### MATERIAL PROVIDED
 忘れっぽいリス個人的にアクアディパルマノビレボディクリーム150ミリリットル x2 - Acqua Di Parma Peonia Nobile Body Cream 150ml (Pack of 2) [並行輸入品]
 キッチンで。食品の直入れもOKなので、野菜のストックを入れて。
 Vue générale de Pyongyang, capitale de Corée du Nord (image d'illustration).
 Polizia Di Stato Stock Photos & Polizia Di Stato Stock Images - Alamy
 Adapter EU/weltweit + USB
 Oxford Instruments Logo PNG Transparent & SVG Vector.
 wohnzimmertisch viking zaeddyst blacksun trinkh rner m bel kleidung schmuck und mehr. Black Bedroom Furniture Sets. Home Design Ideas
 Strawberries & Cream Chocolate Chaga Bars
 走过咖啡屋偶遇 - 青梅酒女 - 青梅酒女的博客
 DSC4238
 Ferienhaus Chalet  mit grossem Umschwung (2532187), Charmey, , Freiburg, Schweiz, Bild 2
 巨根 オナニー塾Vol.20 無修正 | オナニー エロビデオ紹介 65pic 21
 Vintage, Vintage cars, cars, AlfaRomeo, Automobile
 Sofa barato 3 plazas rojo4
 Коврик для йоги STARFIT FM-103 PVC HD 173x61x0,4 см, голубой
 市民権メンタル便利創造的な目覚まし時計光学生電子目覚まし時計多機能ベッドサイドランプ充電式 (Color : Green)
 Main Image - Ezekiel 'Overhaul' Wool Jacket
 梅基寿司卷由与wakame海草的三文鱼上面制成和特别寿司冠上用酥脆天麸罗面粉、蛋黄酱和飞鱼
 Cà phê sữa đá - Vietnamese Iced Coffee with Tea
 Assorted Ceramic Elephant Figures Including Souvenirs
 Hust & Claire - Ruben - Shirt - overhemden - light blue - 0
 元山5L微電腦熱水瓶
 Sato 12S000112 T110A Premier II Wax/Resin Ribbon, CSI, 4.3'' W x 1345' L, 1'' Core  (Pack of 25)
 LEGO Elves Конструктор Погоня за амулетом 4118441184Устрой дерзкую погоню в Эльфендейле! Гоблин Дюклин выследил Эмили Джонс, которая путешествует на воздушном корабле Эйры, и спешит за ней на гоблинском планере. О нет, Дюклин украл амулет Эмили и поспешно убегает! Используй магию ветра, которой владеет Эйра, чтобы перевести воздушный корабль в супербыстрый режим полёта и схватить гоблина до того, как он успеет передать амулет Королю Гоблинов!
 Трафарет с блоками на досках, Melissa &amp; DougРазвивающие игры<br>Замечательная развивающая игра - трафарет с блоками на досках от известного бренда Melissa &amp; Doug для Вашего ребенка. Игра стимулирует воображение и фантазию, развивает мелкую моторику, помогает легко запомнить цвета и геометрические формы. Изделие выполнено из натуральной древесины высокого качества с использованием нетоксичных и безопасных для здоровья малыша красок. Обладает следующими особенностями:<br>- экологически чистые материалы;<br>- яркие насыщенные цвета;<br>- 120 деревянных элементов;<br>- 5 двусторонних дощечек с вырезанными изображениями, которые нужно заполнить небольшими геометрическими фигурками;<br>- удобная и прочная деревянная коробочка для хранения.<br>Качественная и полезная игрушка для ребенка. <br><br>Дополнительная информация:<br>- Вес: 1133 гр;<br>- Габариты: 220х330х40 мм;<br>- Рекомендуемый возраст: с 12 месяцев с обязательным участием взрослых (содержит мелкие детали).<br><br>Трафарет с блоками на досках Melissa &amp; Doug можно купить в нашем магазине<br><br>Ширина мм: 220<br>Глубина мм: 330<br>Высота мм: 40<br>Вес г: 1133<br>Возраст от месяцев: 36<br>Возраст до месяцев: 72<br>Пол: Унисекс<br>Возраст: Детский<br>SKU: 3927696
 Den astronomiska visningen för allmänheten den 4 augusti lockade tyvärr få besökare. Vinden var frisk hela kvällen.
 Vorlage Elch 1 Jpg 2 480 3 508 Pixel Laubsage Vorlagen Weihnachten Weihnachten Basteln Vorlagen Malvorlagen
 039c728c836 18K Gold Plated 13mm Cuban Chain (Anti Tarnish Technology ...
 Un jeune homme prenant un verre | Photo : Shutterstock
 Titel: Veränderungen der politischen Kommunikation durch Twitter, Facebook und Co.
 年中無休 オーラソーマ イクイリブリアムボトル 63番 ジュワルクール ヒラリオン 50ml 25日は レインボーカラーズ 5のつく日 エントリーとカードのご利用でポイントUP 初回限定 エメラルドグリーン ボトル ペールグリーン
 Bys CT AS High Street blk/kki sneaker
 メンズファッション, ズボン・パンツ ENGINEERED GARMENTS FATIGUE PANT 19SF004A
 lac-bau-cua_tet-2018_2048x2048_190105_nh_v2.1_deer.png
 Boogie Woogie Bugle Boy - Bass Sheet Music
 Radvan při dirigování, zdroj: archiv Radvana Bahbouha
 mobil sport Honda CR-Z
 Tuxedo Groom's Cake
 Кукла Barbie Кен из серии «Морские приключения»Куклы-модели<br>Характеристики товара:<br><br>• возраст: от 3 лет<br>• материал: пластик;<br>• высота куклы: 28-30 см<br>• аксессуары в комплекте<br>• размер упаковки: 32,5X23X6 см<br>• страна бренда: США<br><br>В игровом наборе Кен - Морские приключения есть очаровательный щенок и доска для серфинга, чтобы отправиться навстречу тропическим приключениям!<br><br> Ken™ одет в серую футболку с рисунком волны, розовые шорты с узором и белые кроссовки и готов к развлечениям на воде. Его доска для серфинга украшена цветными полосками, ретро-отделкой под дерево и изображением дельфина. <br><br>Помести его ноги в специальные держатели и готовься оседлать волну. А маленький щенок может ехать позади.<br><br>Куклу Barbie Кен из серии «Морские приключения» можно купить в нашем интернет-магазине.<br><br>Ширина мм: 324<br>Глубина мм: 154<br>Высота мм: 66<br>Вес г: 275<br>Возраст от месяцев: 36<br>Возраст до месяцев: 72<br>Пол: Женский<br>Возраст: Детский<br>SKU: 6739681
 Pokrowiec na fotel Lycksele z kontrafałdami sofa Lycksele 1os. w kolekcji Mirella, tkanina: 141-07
######
[TASK ITEM]
Within the listing above, extract exactly the lines from the line with "メンズファッション, ズボン・パンツ ENGINEERED" to the line with "Tuxedo Groom's Cake", the two named lines included, and no others.

[REPLY]
 メンズファッション, ズボン・パンツ ENGINEERED GARMENTS FATIGUE PANT 19SF004A
 lac-bau-cua_tet-2018_2048x2048_190105_nh_v2.1_deer.png
 Boogie Woogie Bugle Boy - Bass Sheet Music
 Radvan při dirigování, zdroj: archiv Radvana Bahbouha
 mobil sport Honda CR-Z
 Tuxedo Groom's Cake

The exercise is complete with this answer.